## WHAT THE TASK REQUIRES
Exact transcription of the data below is required, without the images.

==== DATASET EXCERPT

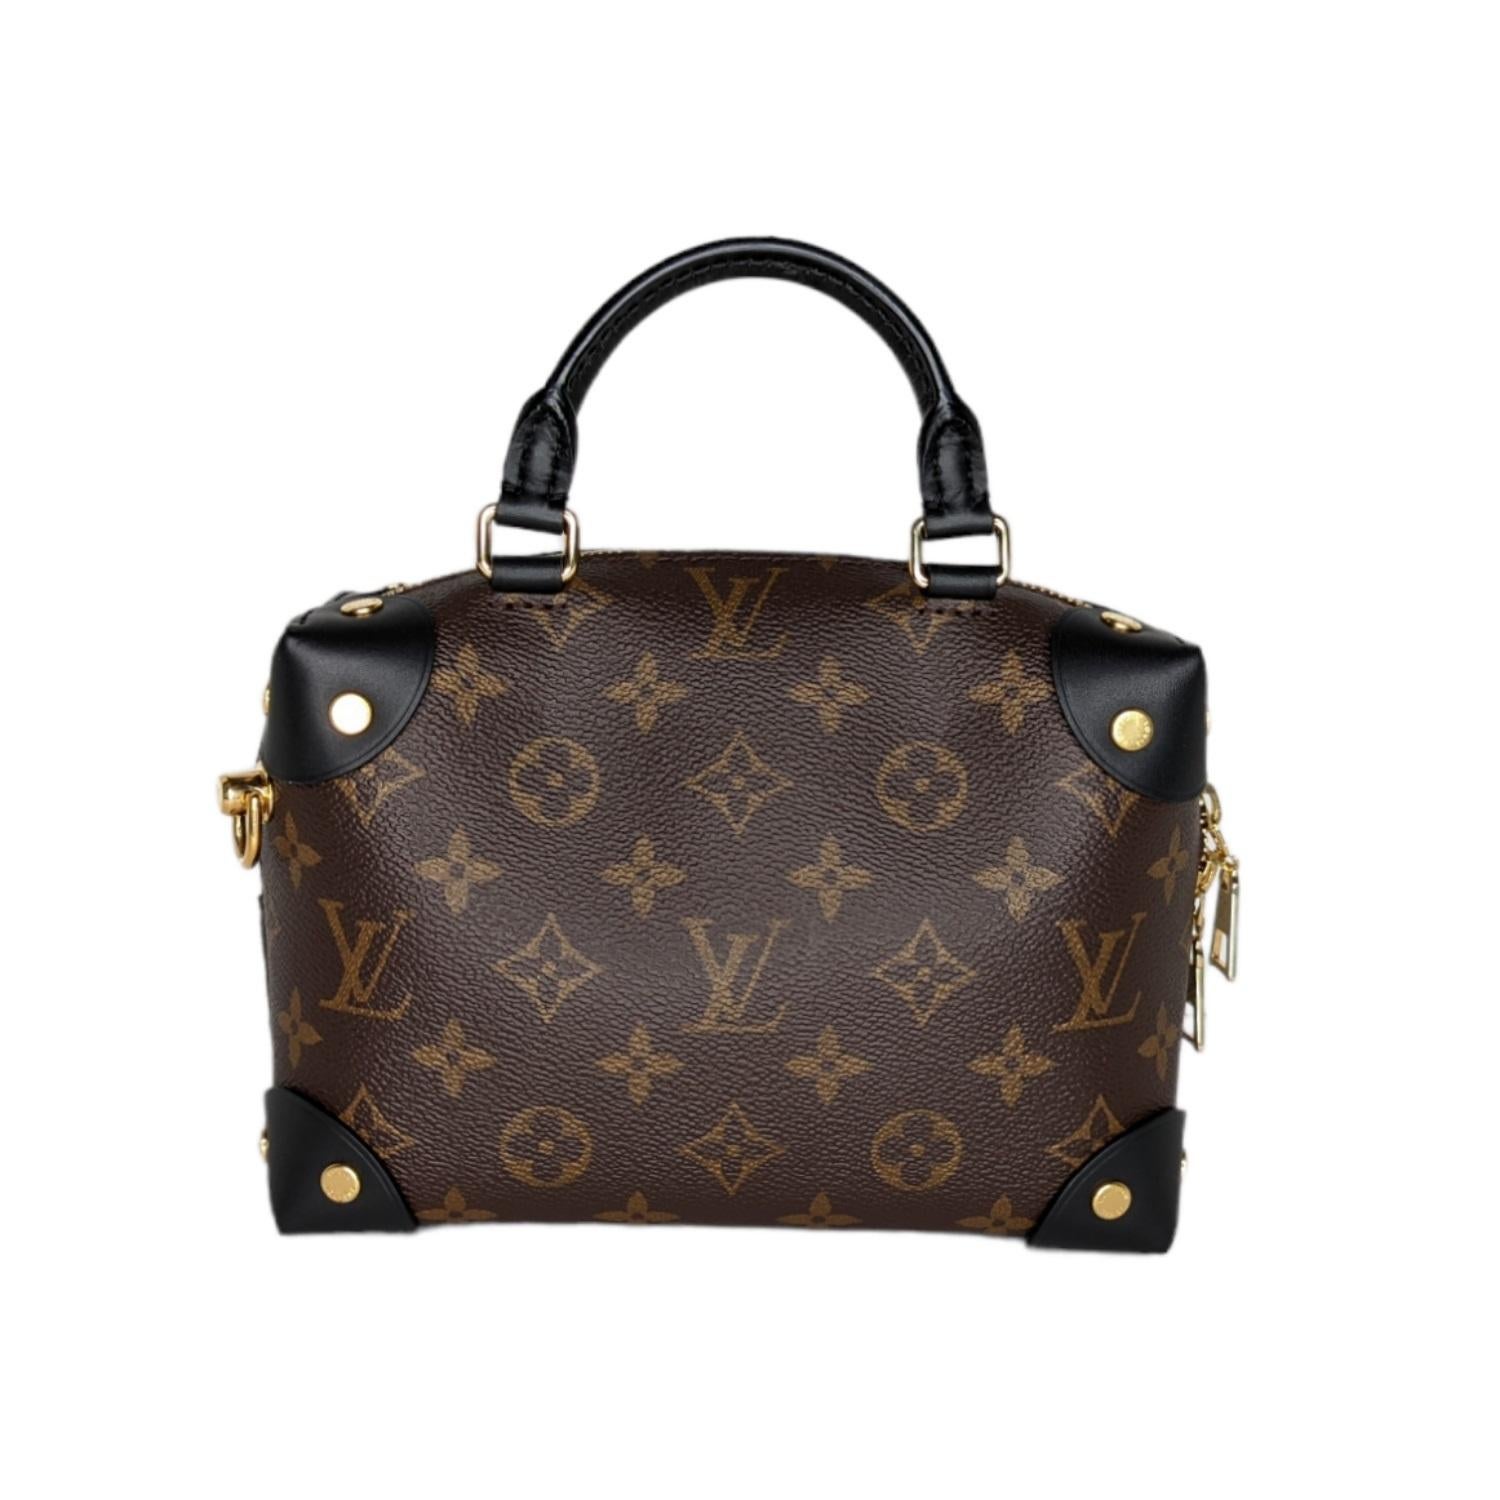 Ce sac à main élégant est fabriqué en toile Monogram Louis Vuitton, avec des détails en cuir noir. Le sac est doté d'une bandoulière en chaîne dorée et d'un matériel en laiton poli. La fermeture à glissière supérieure s'ouvre sur un intérieur en
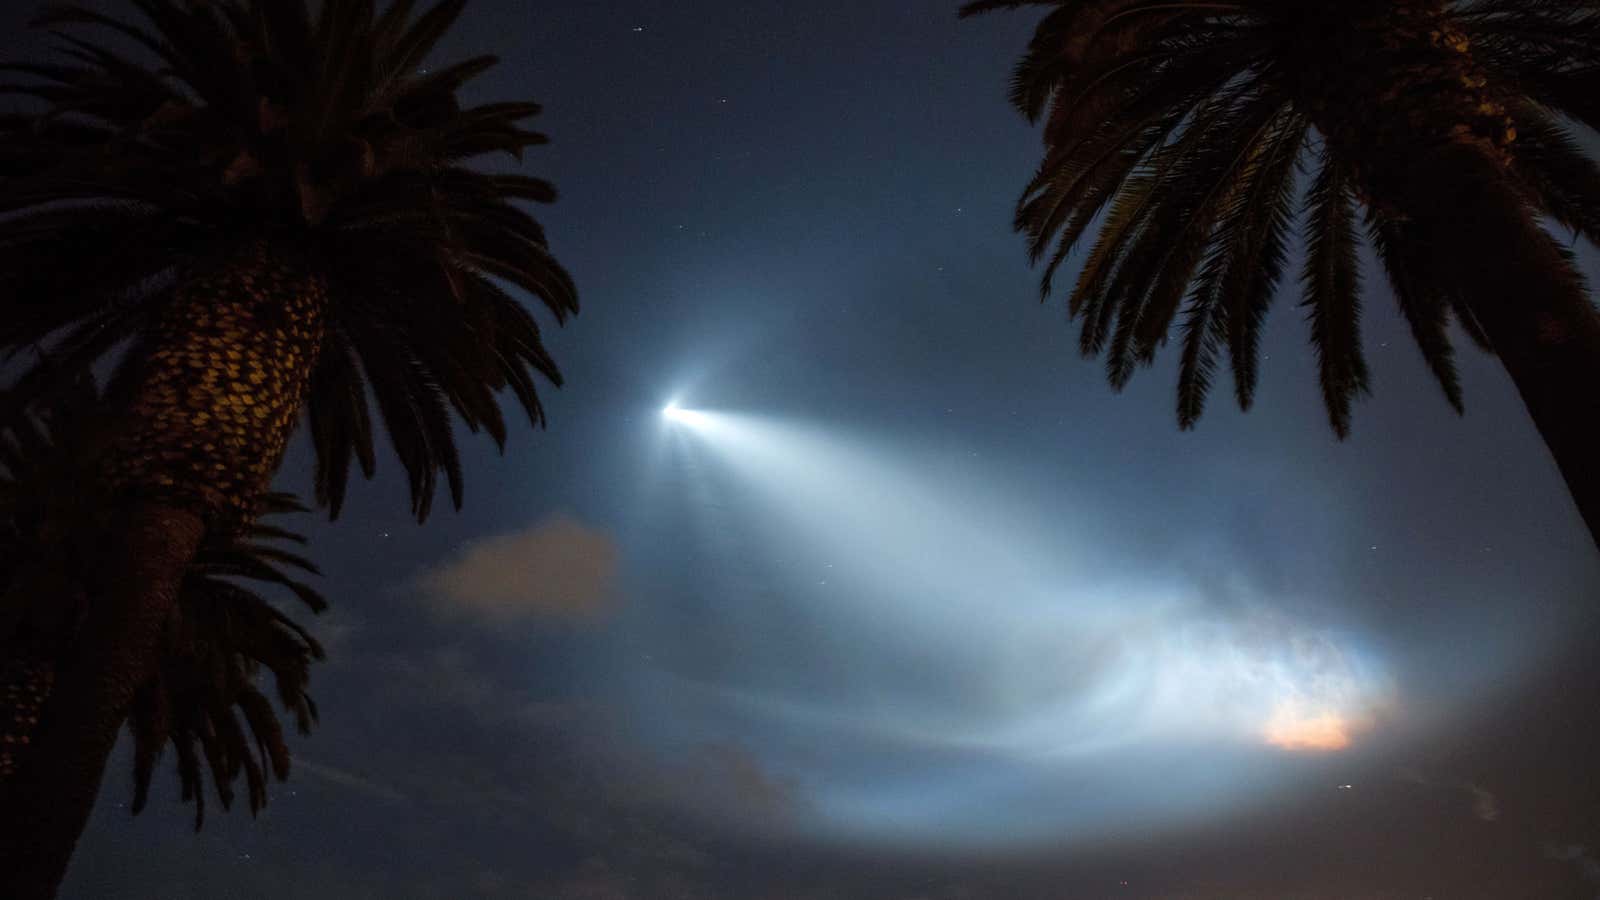 The Falcon 9’s glow seen over Corona del Mar, California.
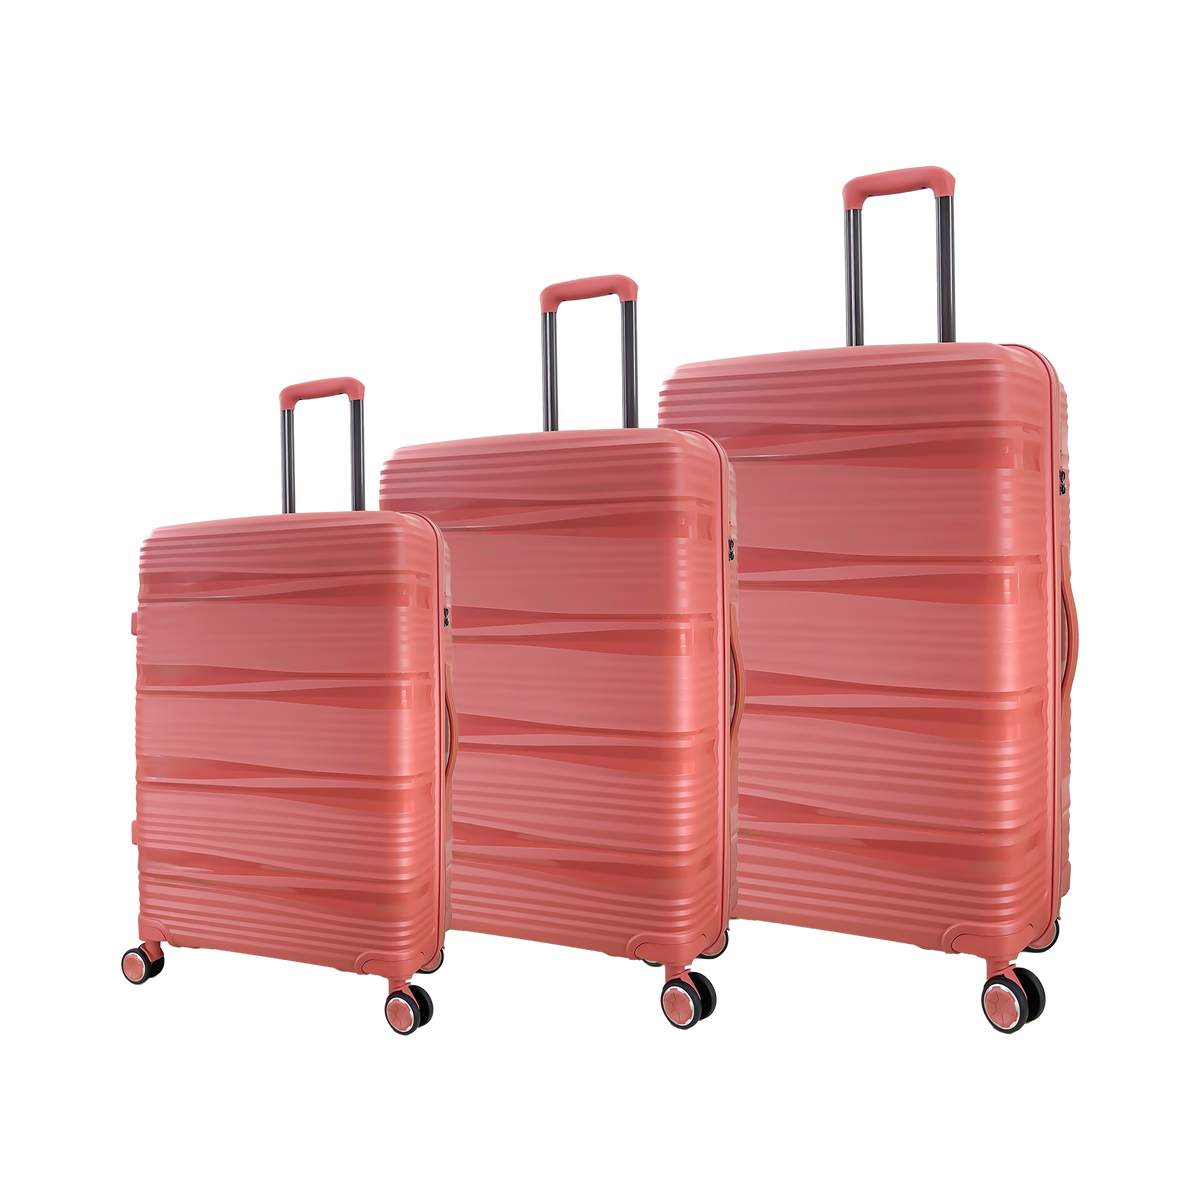 Ensemble de 3 valises à roulettes Ormi Insline en polypropylène souple et léger avec serrure TSA - Petite, Moyenne, Grande
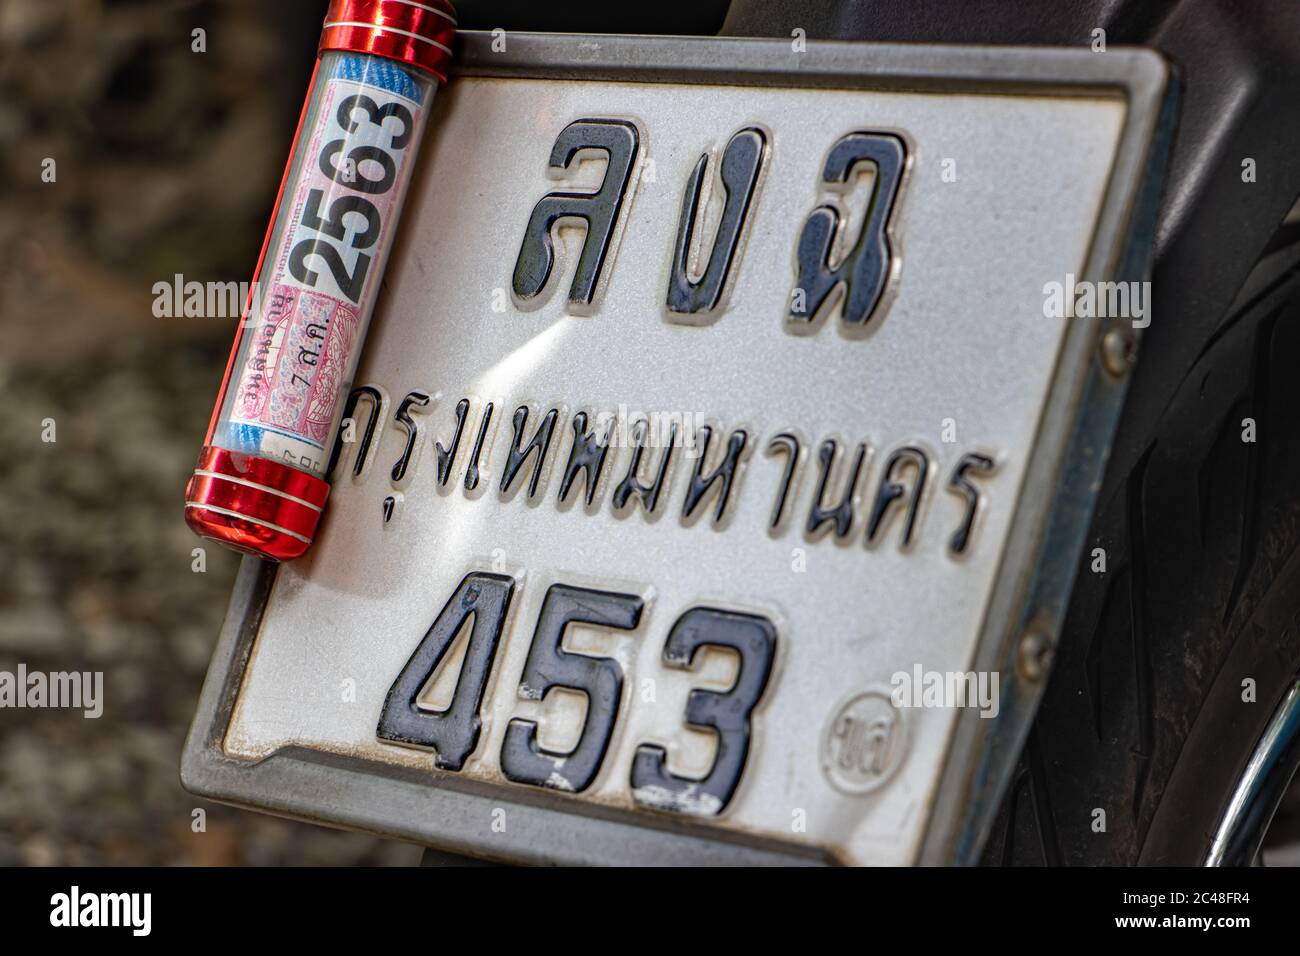 SAMUT PRAKAN, THAILANDIA, 23 2020 GIUGNO, Conferma dell'assicurazione nella scatola di acciaio fissata alla targa del veicolo - moto. Foto Stock

========

## WRITTEN REPLY
 Ce sac à main élégant est fabriqué en toile Monogram Louis Vuitton, avec des détails en cuir noir. Le sac est doté d'une bandoulière en chaîne dorée et d'un matériel en laiton poli. La fermeture à glissière supérieure s'ouvre sur un intérieur en
 The Falcon 9’s glow seen over Corona del Mar, California.
 Ensemble de 3 valises à roulettes Ormi Insline en polypropylène souple et léger avec serrure TSA - Petite, Moyenne, Grande
 SAMUT PRAKAN, THAILANDIA, 23 2020 GIUGNO, Conferma dell'assicurazione nella scatola di acciaio fissata alla targa del veicolo - moto. Foto Stock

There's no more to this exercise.